The cruiser that brought the Crown Prince home docked on May 11, 1936, at the renamed port of Pahlavi in the renamed Kingdom of Iran. The Pahlavi family stood assembled on the wharf with Reza Shah “standing alone, watching, calmly it seemed, as the boat approached from a distance.” The return of the son after five long years away was an emotional moment that the proud father did not wish to share with anyone, but when the prince walked toward him he appeared briefly not to recognize the once sickly boy, now a handsome young man. Father and son shook hands, exchanged a hug, and walked to where the Queen and the princesses, waiting on the quay, wore stylish European dresses and hats rather than the traditional ill-fitting black chador. Princess Ashraf noticed how “happy and healthy, stronger and more fit” her brother appeared. He was filled with excitement about his future responsibilities. “My brother told me how impressed he had been by the democratic attitudes he had seen at the school, by the fact that all the boys, whether they were sons of businessmen or noblemen or kings, were equals within the school community. He talked about how he had come to realize for the first time how much economic and social disparity there was among the people of Iran.”

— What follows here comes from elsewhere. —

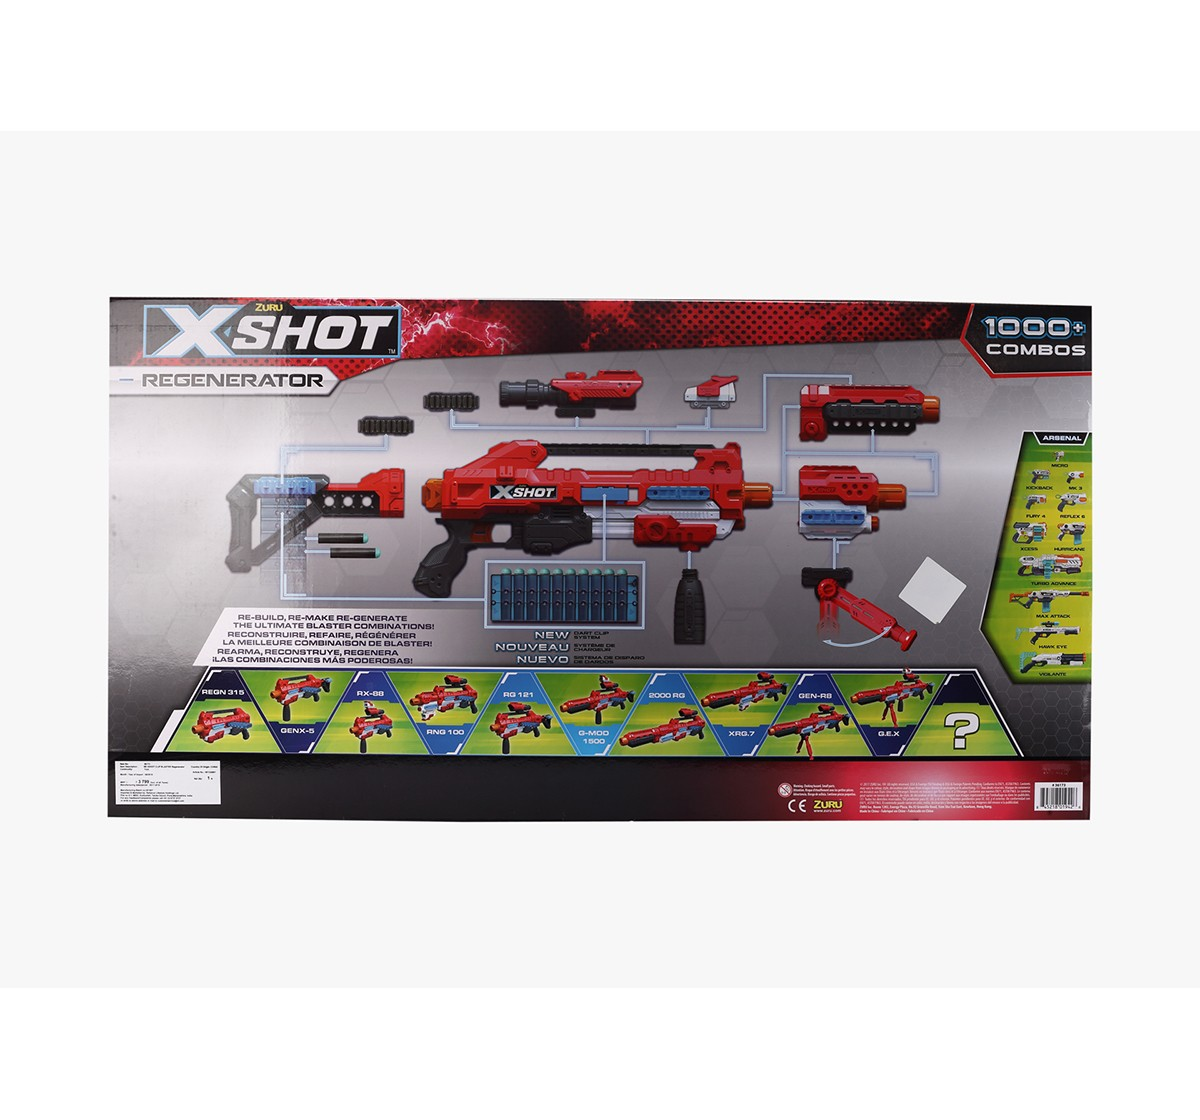 X-Shot Excel Regenerator Blasters for Kids age 8Y+
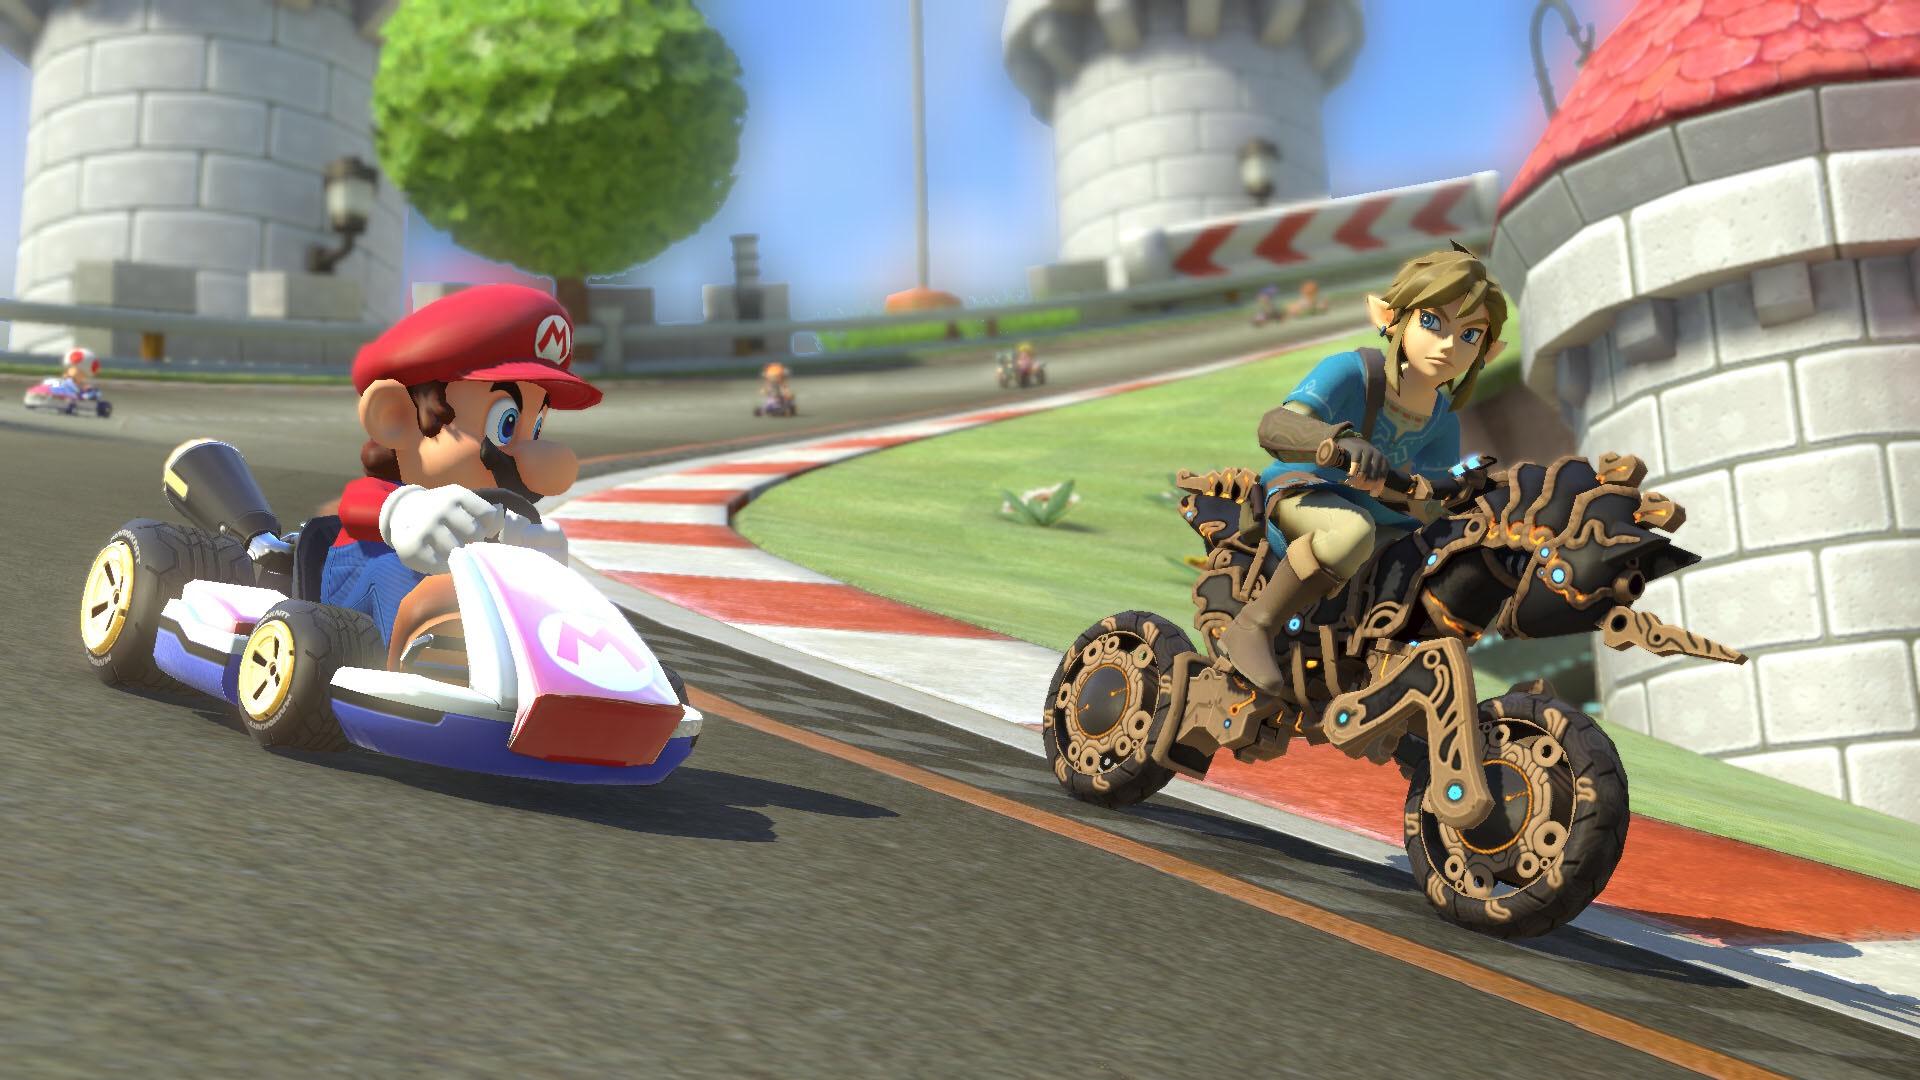 Free Mario Kart 8 Deluxe DLC (Nintendo Switch): BOTW Link plus BOTW kart items

As the motorcade pulled aw
ay from port Pahlavi to rise over the Alborz Mountains headed for Tehran, the Crown Prince felt he had arrived in “a different country. I recognized nothing.” Iran’s Caspian Sea coastline, previously so wretched, now appeared “as an Iranian version of the south of France.” Dodge motorcars hummed along the seaboard and there were “huge new hotels pushing their heads into the air.” A decade earlier, travel to Tehran had taken days and involved bribes, opium, brigands, and donkey rides. Now drivers swept over “the superb Chalus road, which ascends in incredible twists and turns up and through the amber Alborz Mountains.” Motorists experienced the thrill of driving above the cloud line. Once shabby post houses had been transformed into “elaborate wayside hotels.” The bigger surprise lay down in the foothills, where the royal motorcade was greeted by tens of thousands of cheering spectators lining the streets, tossing flowers and bouquets into the prince’s open car. “My father had razed Tehran’s old walls,” he recalled. “Streets were paved and asphalted. The city had begun to take on the look and style of a European capital. I saw it all at first as if in a dream.”